During the period of Frankish rule, Chalkida was called Negreponte, a name probably derived from a corruption of the Greek Egripos or Evripos. Its strategic position for the conduct of trade in the Aegean and the wider area of the Eastern Mediterranean meant that often in its history it became an apple of strife between many conquerors.

Contact between the town and the Westerners go back to the Byzantine period, when emperors of the Komnenian dynasty (Alexios I, John II and Manuel I), granted commercial privileges to the Venetians. In 1205, shortly after the capture of Constantinople by the Crusaders, Boniface of Montferrat, the ruler of the Latin kingdom of Thessaloniki, captured Euboea on his way to the Peloponnese. Boniface divided the island into three fiefs, which he granted to three terzieri or triarchs, who were knights from Verona (Ravanno dalle Carceri, Percoraro de Mercanuovo and Giberto dalle Carceri). In this way the island was divided into three parts, excluding Chalkida, which was jointly owned by all three.

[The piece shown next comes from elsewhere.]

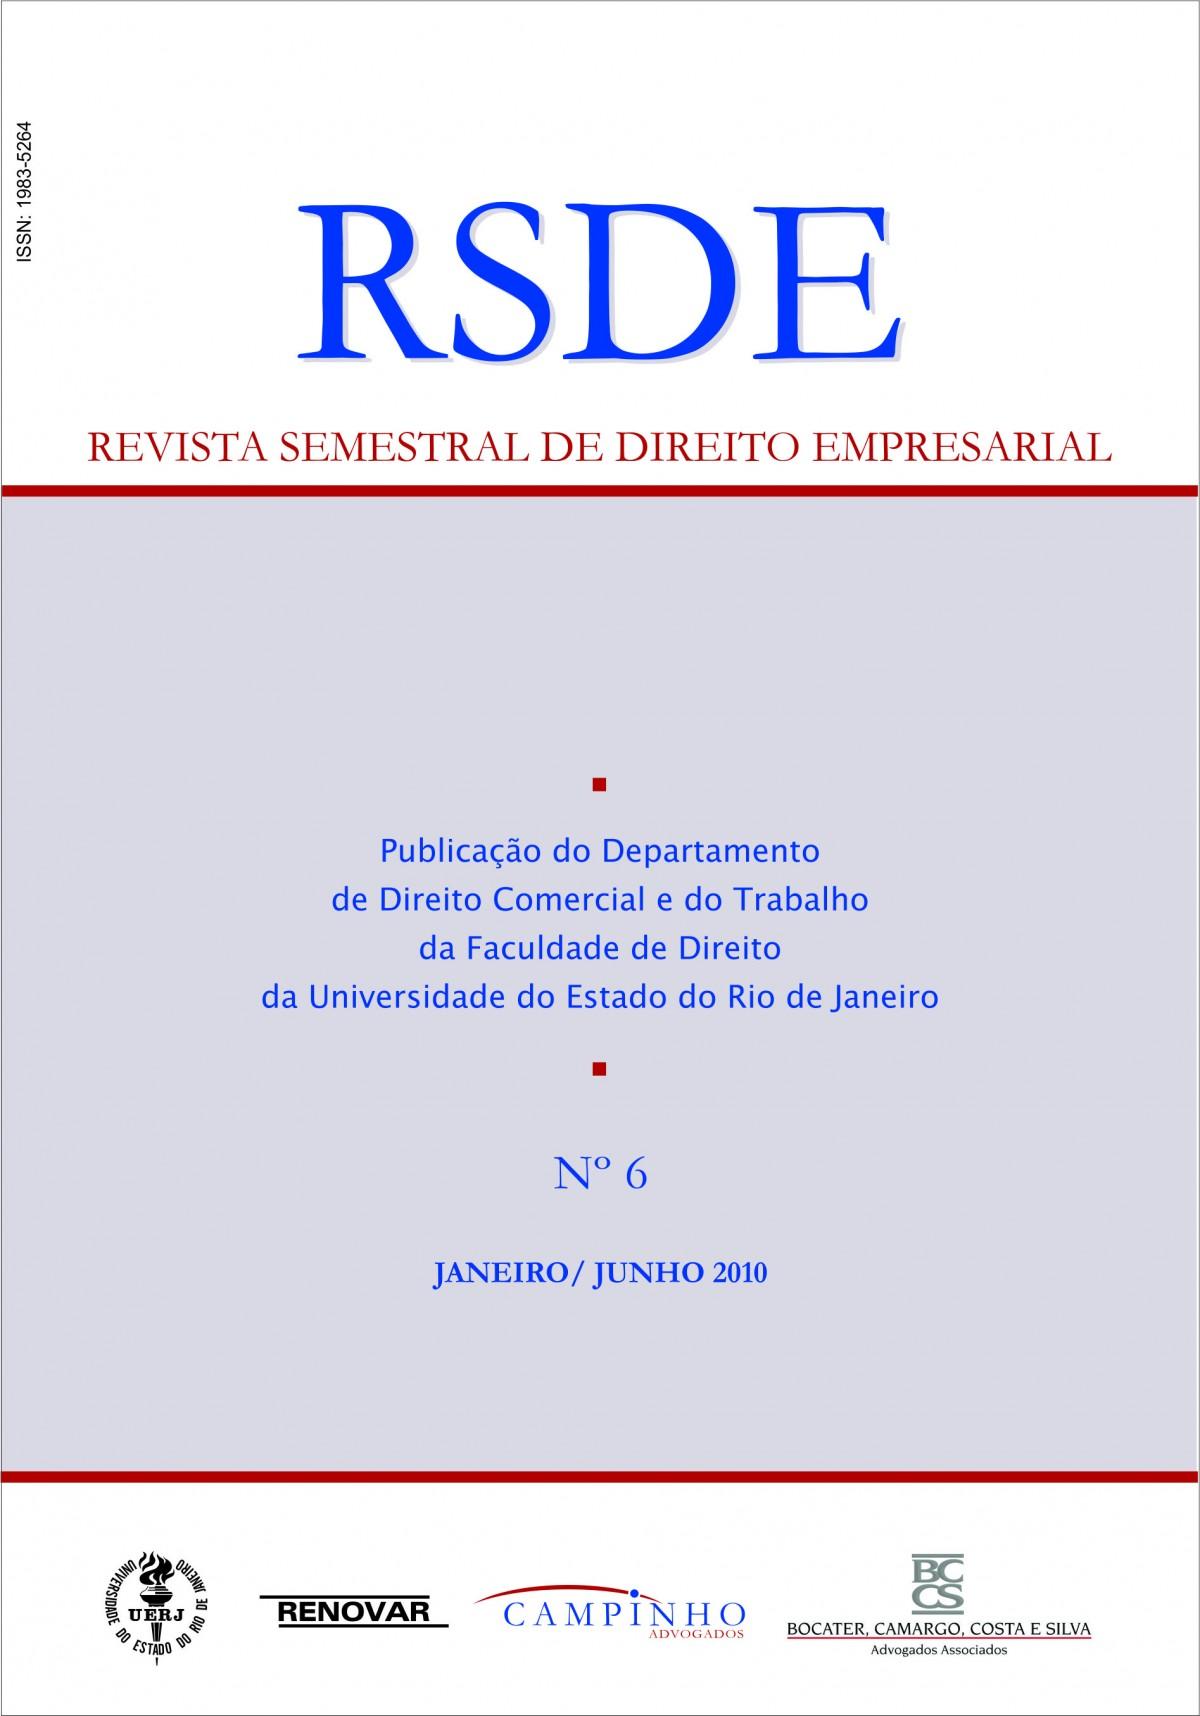 Foto 1 - RSDE N°6

After the recapture of Constantinople (1261), Michael VIII Palaiologos entered into an agreement with the Genoese in order to confront the Franks and Venetians. This agreement did not produce the anticipated results. Relations between the Byzantines and the Venetians were regulated by treaties in 1302 and 1310, according to which Chalkida remained a Venetian possession, while south Euboea belonged to the Ghisi family and the north of the island to the dalle Carceri. After 1390 the Venetians were the sole rulers of the whole of the island. The Byzantines thus finally departed, while at the same time the Ottoman Turks began to make their presence strongly felt. They finally captured Chalkida in 1470 under Mohamed II.


Chalkida was the seat of an Orthodox bishopric, but after 1261 Negreponte became the seat of the Latin Patriarchate.1 Because of its strategic and commercial significance, the Venetian part of the town was fortified in 1303 by Francesco Dandolo.2 Very few traces of these walls have survived, since Mohamed II destroyed a large part of the town when he captured it.

Negreponte certainly had several Catholic churches, but most scholars are agreed that Ayia Paraskevi was the most important. According to the modern scholar J. Koder, it was not a parish church but a cathedral. If this is true, the residence still preserved opposite the church under examination has wrongly been considered the palace of the Venetian Baïlos and should be attributed to the Latin Patriarchate. Over the entrance to the house is a symbol of St Mark, but the façade is of a Renaissance style of the 15th century, a period later then the erection of Ayia Paraskevi.